§ TASK DESCRIPTION: In the listing below, find the line holding "Подвесной светильник Eglo" and the line holding "Nwt comme des". Write out those two lines and all lines between, exactly, and nothing more.

§ DATA SHOWN:
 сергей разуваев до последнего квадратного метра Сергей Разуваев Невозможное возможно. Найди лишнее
* * *
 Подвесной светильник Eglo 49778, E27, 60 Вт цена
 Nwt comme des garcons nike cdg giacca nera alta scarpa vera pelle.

§ YOUR SOLUTION:
 Подвесной светильник Eglo 49778, E27, 60 Вт цена
 Nwt comme des garcons nike cdg giacca nera alta scarpa vera pelle.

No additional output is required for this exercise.